Publicado el viernes 18 de noviembre de 2022 en diario Expreso.
Para decirlo de manera gráfica: durante 30 años (durante el período de mayor crecimiento urbano de Guayaquil) se puso la basura debajo de la alfombra. Mucha basura. Muchísima. Y vinieron los capitalistas salvajes, levantaron la alfombra y han encendido un ventilador gigante. Estamos basureados.
El crecimiento urbano de Guayaquil ha sido un caldo de cultivo para que surjan los capitalistas salvajes. Ha sido un crecimiento urbano cuya ejecución de obras y servicios se ha basado en la capacidad económica del beneficiario (llevada a un extremo sádico según el cual, donde ello no resultaba rentable, simplemente la ejecución de obras y servicios no se daba) y, por ende, ello debía resultar en una creciente población receptora de obras y servicios de segunda clase, una que malvive en los amplios cinturones de miseria que rodean la ciudad.
Un informe de la Corporación Andina de Fomento del año 2013 definió así el crecimiento urbano de estos sectores de Guayaquil: “lotes pequeños para las viviendas, aceras y accesos estrechos, limitadas áreas verdes, y en general una clara tendencia hacia la impermeabilización del suelo urbano”. Añadió que esta forma de ocupación del espacio eleva la temperatura de la ciudad, produce erosión y aumenta la contaminación. Y precisó que, en estos sectores, los servicios se prestan de una forma escalonada: “Se observa que el abastecimiento de agua es el primer servicio que se atiende, seguido de alcantarillado sanitario y, finalmente, siguiendo un enfoque tradicional ligado a la instalación exclusivamente de obras de conducción, se atiende el drenaje pluvial.”
No es difícil comprender que unas personas que, además de ser pobres, reciben unas obras y servicios de segunda (si es que los reciben) se encuentran en unas circunstancias muy difíciles para superar su situación de pobreza. Esas personas viven en lo que se conoce como “trampas de la pobreza”.
Y si todo lo que puede ofrecer Guayaquil a esas personas entrampadas en la pobreza es esta vida de segunda clase, realmente no existe un ideal de comunidad que ellas se sientan obligadas a respetar. Y aquí es cuando surge el capitalista salvaje, que es aquel que se enrola en la empresa ilegal de traficar drogas para escapar de su pobreza, de manera rápida y violenta, sin respetar al resto de la comunidad, imponiéndose a bala.
En rigor, no es una situación que empieza hace uno o dos años, ni hace diez, ni siquiera hace treinta años cuando inició el modelo socialcristiano (ya modelo a secas, porque ahora no hay quien lo moteje de “exitoso”). Es una situación que atraviesa la historia de la ciudad: unas élites que miran a la inmensa mayoría como meros recursos.

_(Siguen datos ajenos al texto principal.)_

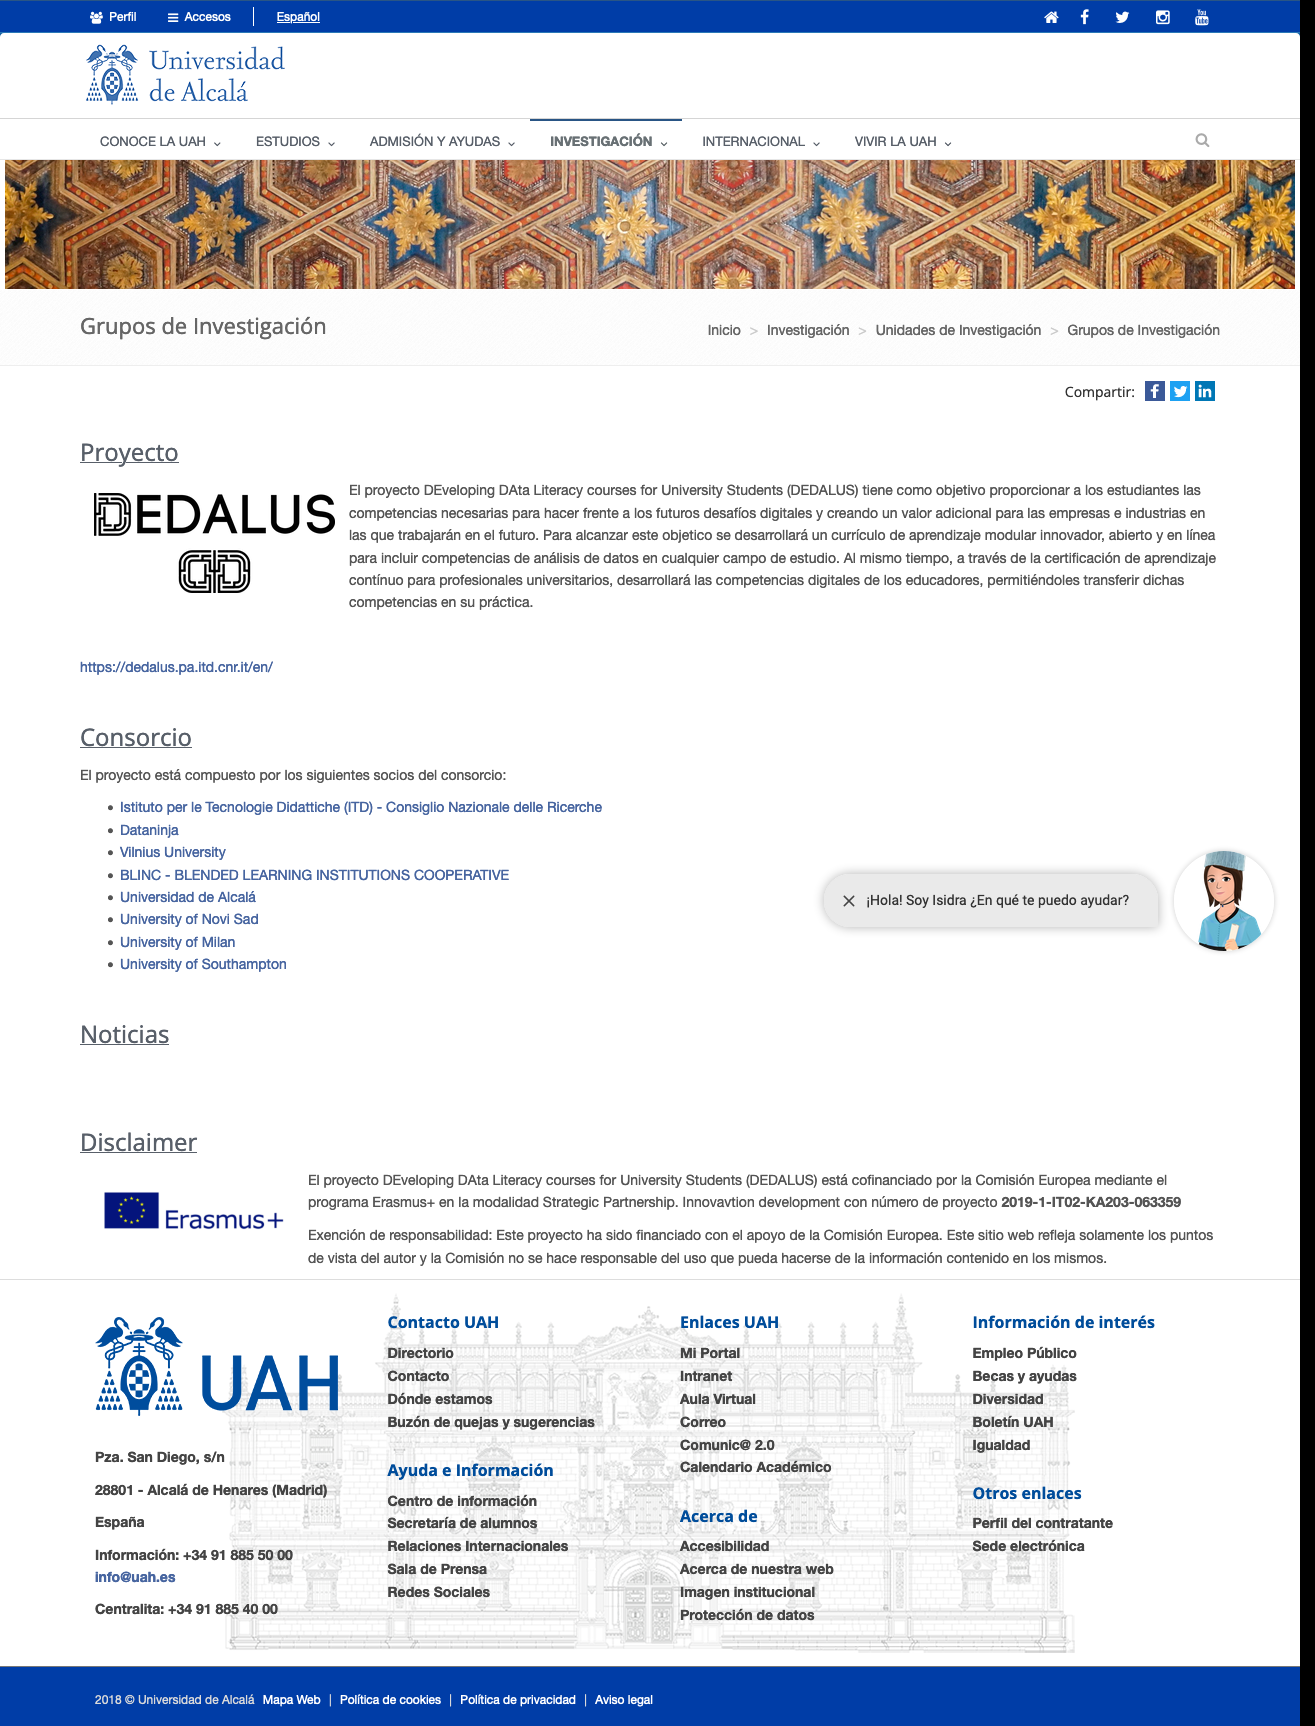 Link on Universidad de Alcalá website

El surgimiento de estos capitalistas salvajes es un subproducto de esta incesante mirada, acentuada en las últimas tres décadas.
Pero ocurre que hoy la situación se les está yendo de las manos. Sin un ideal compartido de comunidad, sin sólida institucionalidad, sin voluntad política de cambiar las condiciones estructurales que son el caldo de cultivo de los capitalistas salvajes, todo lo que se puede esperar es violencia, vacunas, balas.
Después de años de exclusión y olvido, el ventilador está encendido.